This has direct implications for how organisations assess security risk in multi-agent architectures. The security of a multi-agent system cannot be assessed by evaluating each agent individually. The system must be assessed as an interconnected whole, with specific attention to the communication protocols between agents, the trust assumptions each agent makes about instructions received from other agents and the mechanisms in place to detect and contain anomalous propagation.

The principle of least privilege

The single most impactful security control for agentic AI systems is one that is well-established in information security but inconsistently applied to AI deployments: the principle of least privilege. Agents should be granted the minimum access to data, systems and tools necessary to perform their intended function – and no more.

This principle is explicitly endorsed in the NIST AI RMF under the Map function (Map 3.5) and in the Berkeley paper's risk mitigation guidance (Manage 1.3). Its implementation requires that organisations explicitly define, for each deployed agent, the scope of data access, system permissions and tool access it is authorised to use – and that those definitions are enforced technically, not merely stated in policy.

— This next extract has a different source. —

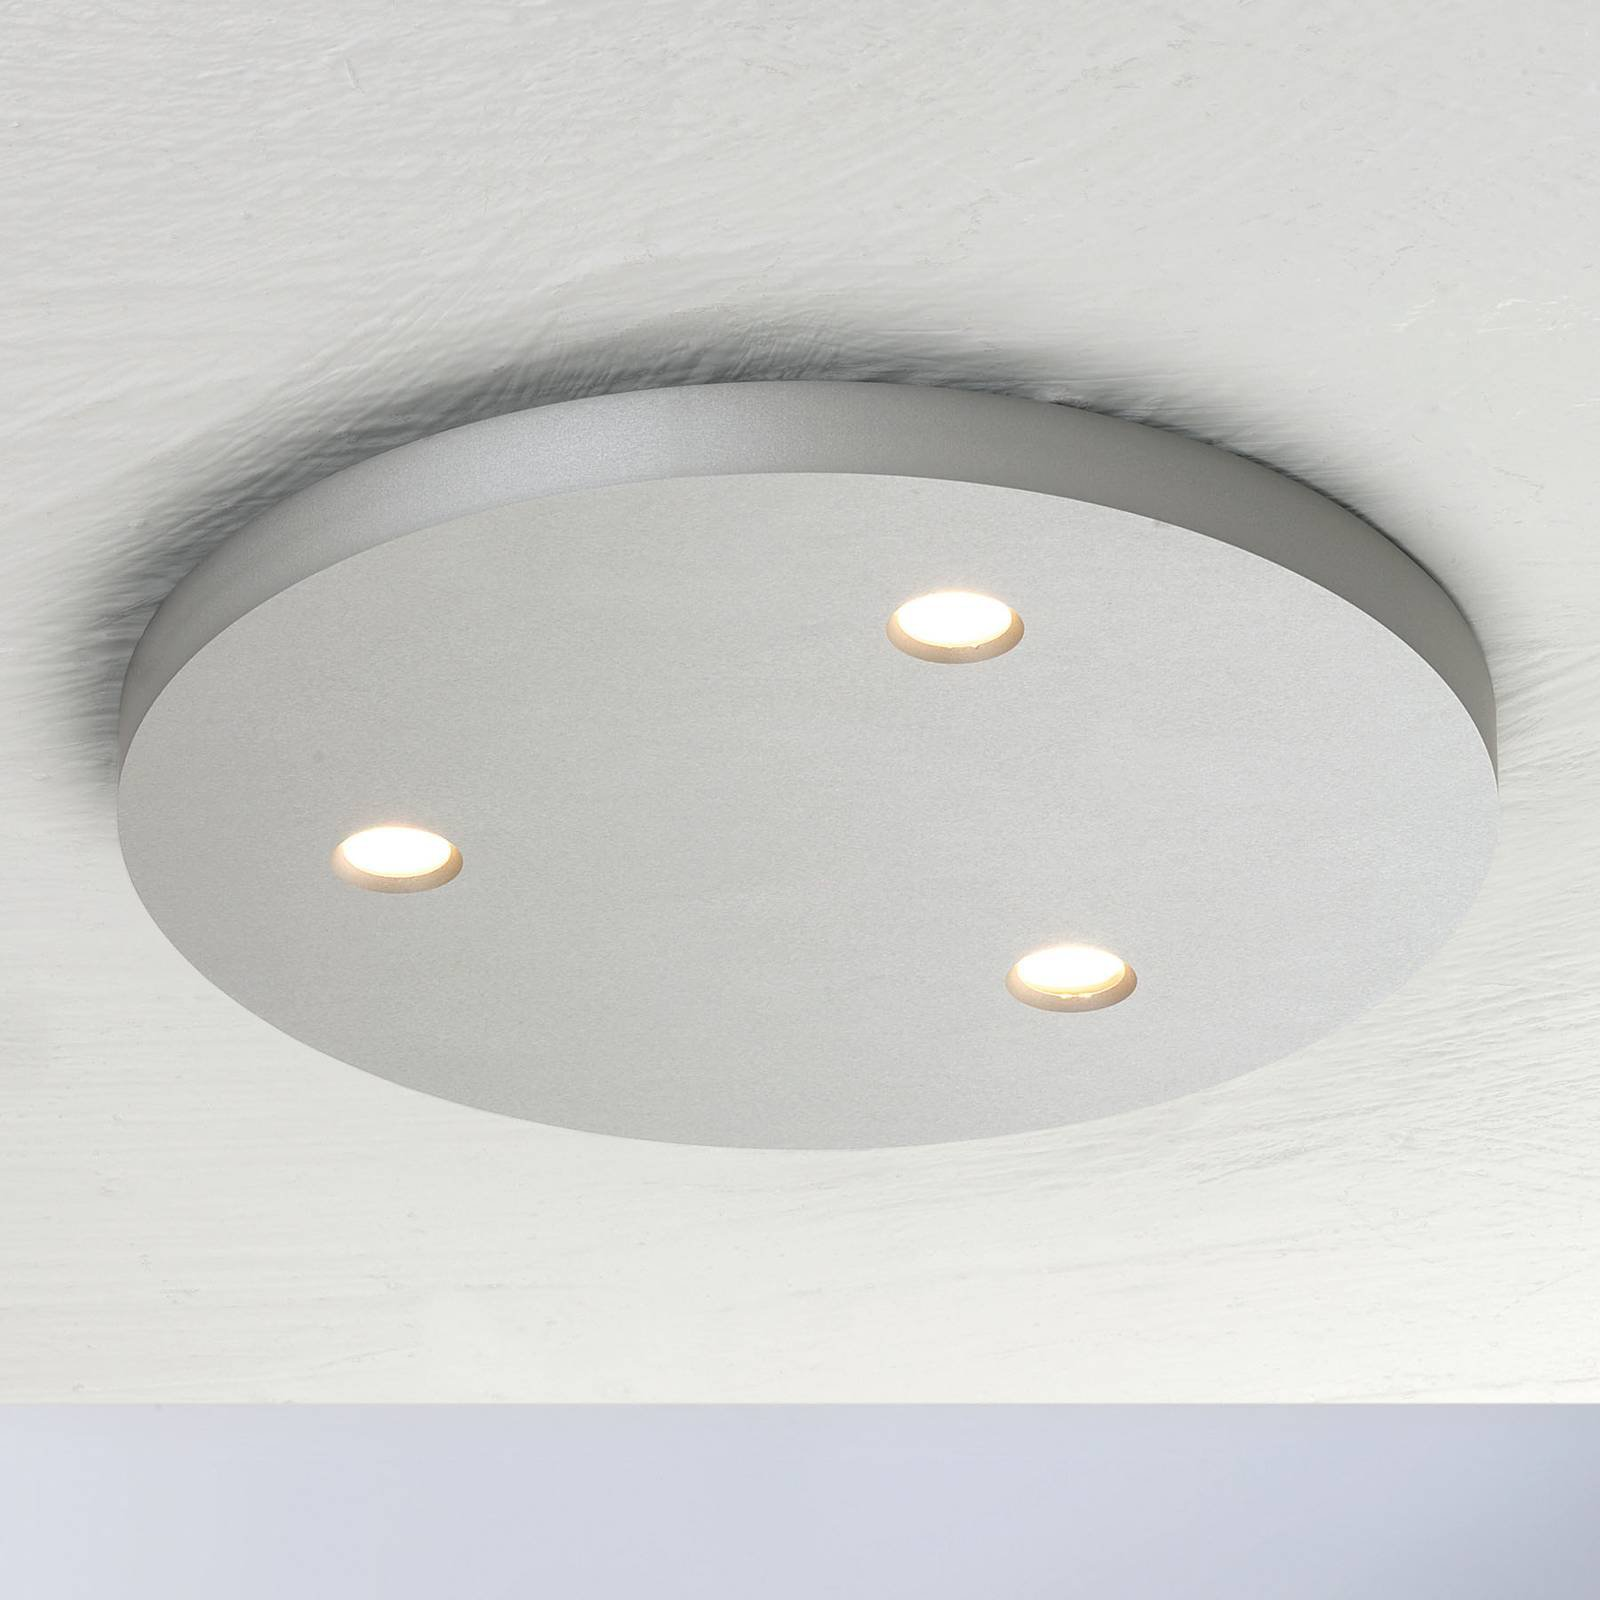 Bopp Close LED-taklampe, tre lyskilder, rund, alu

ISO 42001 provides the governance framework within which least-privilege principles can be operationalised. Clause 8 (operational planning and control) requires that operational controls are implemented for identified risks. For agentic AI security, that means permission management systems, access logging and regular review of agent authorisations to ensure they remain proportionate to current operational requirements.

Privacy by design for agentic systems

The Berkeley paper recommends privacy-protecting logging practices as a specific control for agentic systems: logging only information necessary for safety, security and accountability; encrypting logged data in transit and at rest; establishing maximum retention periods based on need and regulatory requirements; and anonymising data by filtering personally identifiable information.

For organisations operating under GDPR, the PDPA or equivalent data protection regimes, these practices are not optional – they are obligations that apply to AI agents just as they apply to other data processing systems. The challenge is that agentic AI systems are often deployed without the same data protection impact assessment rigour that would be applied to a conventional data processing system. Closing that gap is an immediate priority for compliance and risk functions.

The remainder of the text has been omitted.